D-Bus and Network Service Improvements

  • Added DefaultDependencies=no to dbus.socket to allow early D-Bus initialization
  • Made network-pre.target require dbus-broker.service to ensure D-Bus is ready before network services start
  • Disabled PrivateTmp for dbus-broker.service to remove dependency on systemd-tmpfiles and local-fs.target

Testing done [WIP]:

Click to expand testing details

Functional Testing

  • Tested using metal-dev instance to confirm that net.toml injected to PRIVATE partition can still be read and that
    write-network-status.service can write to the /.bottlerocket/netdog path with no issue
  • Verified the node booted properly with all network functionality intact
  • Used systemd-analyze plot to generate the boot plot and confirmed the decoupling of the network stack and DATA
    partition
  • Verified that network initialization and local-fs (DATA) now occur in parallel
  • Confirmed network configuration and state files are properly persisted across reboots
  • Validated that all existing network functionality is maintained with the new directory structure

Boot-time Testing [WIP]

  • Initial tests on m5.xlarge instances show ~987ms improvement in network-online.target timing and ~817ms improvement in configured.target timing
  • Additional performance testing across a wider range of instance types is in progress
  • We are also internally running a larger sample of boots to better measure this improvement with statistical analysis (in progress)

Terms of contribution:

By submitting this pull request, I agree that this contribution is dual-licensed under the terms of both the Apache License, version 2.0, and the MIT license.

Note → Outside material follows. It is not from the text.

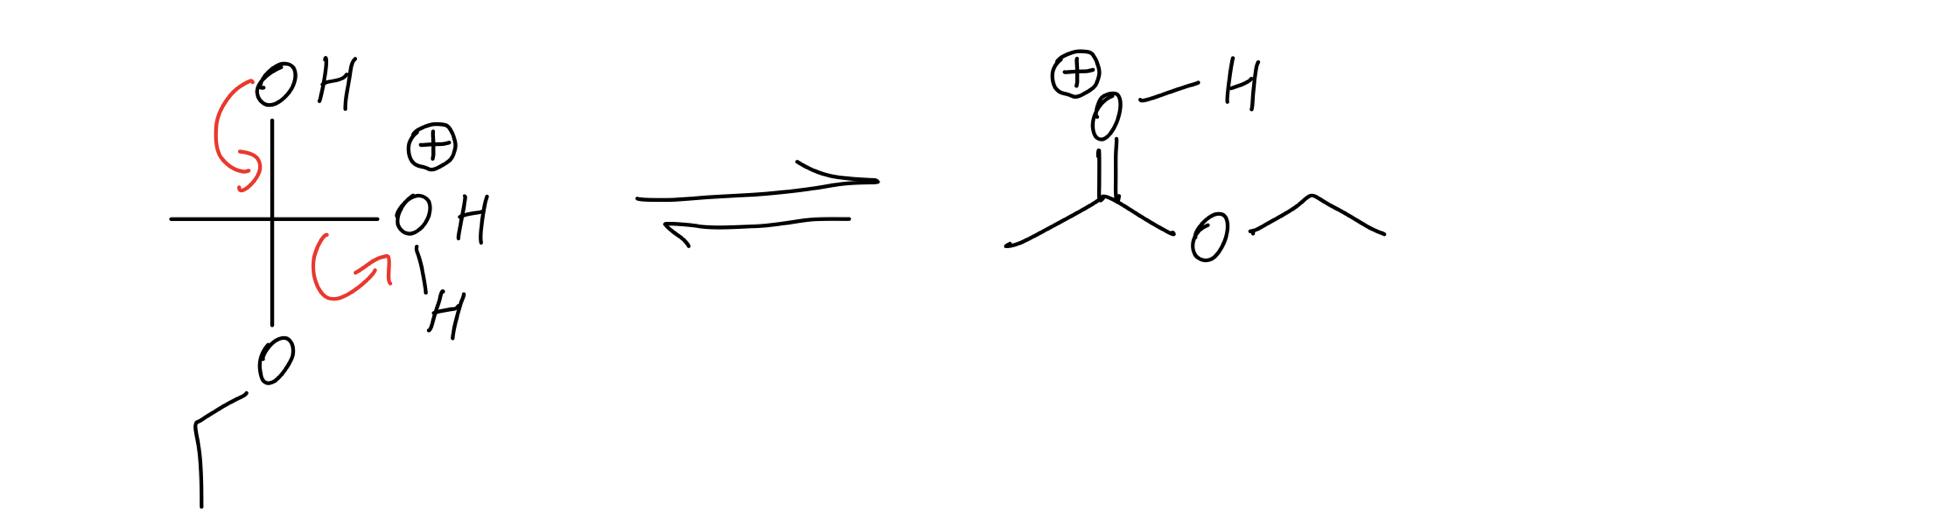 reform-the-carbonyl

@ytsssun ytsssun changed the title Network Stack: Implement Boot Time Optimization by Removing DATA Partition Dependency Network stack boot time optimization: decouple from DATA partition Aug 23, 2025
@ytsssun ytsssun force-pushed the boot-time-network-stack branch 2 times, most recently from 4f90c47 to c601e5b Compare August 25, 2025 06:13
@ytsssun ytsssun force-pushed the boot-time-network-stack branch from c601e5b to b948d56 Compare September 3, 2025 22:12
@ytsssun
Copy link
Contributor Author

ytsssun commented Sep 3, 2025

Pushed new commit to address a race condition we noticed during our test:

Networkd service started too early and it sometimes failed to get the status info of the network interface from D-Bus because D-Bus was not yet ready.

Added change to initialize D-Bus earlier and enforced dependency on dbus-broker.service in network-pre.target.

@ytsssun ytsssun requested a review from bcressey September 3, 2025 23:29
@ytsssun ytsssun force-pushed the boot-time-network-stack branch 4 times, most recently from 5c4c9b9 to a9b4687 Compare September 16, 2025 23:53
@ytsssun
Copy link
Contributor Author

ytsssun commented Sep 16, 2025

Synced with @bcressey , we are adopting different implementation here - instead of using overlayfs for the /.bottlerocket/netdog to grant netdog access to the files on private partition, we will just grant netdog api_exec_t to allow access to private_t.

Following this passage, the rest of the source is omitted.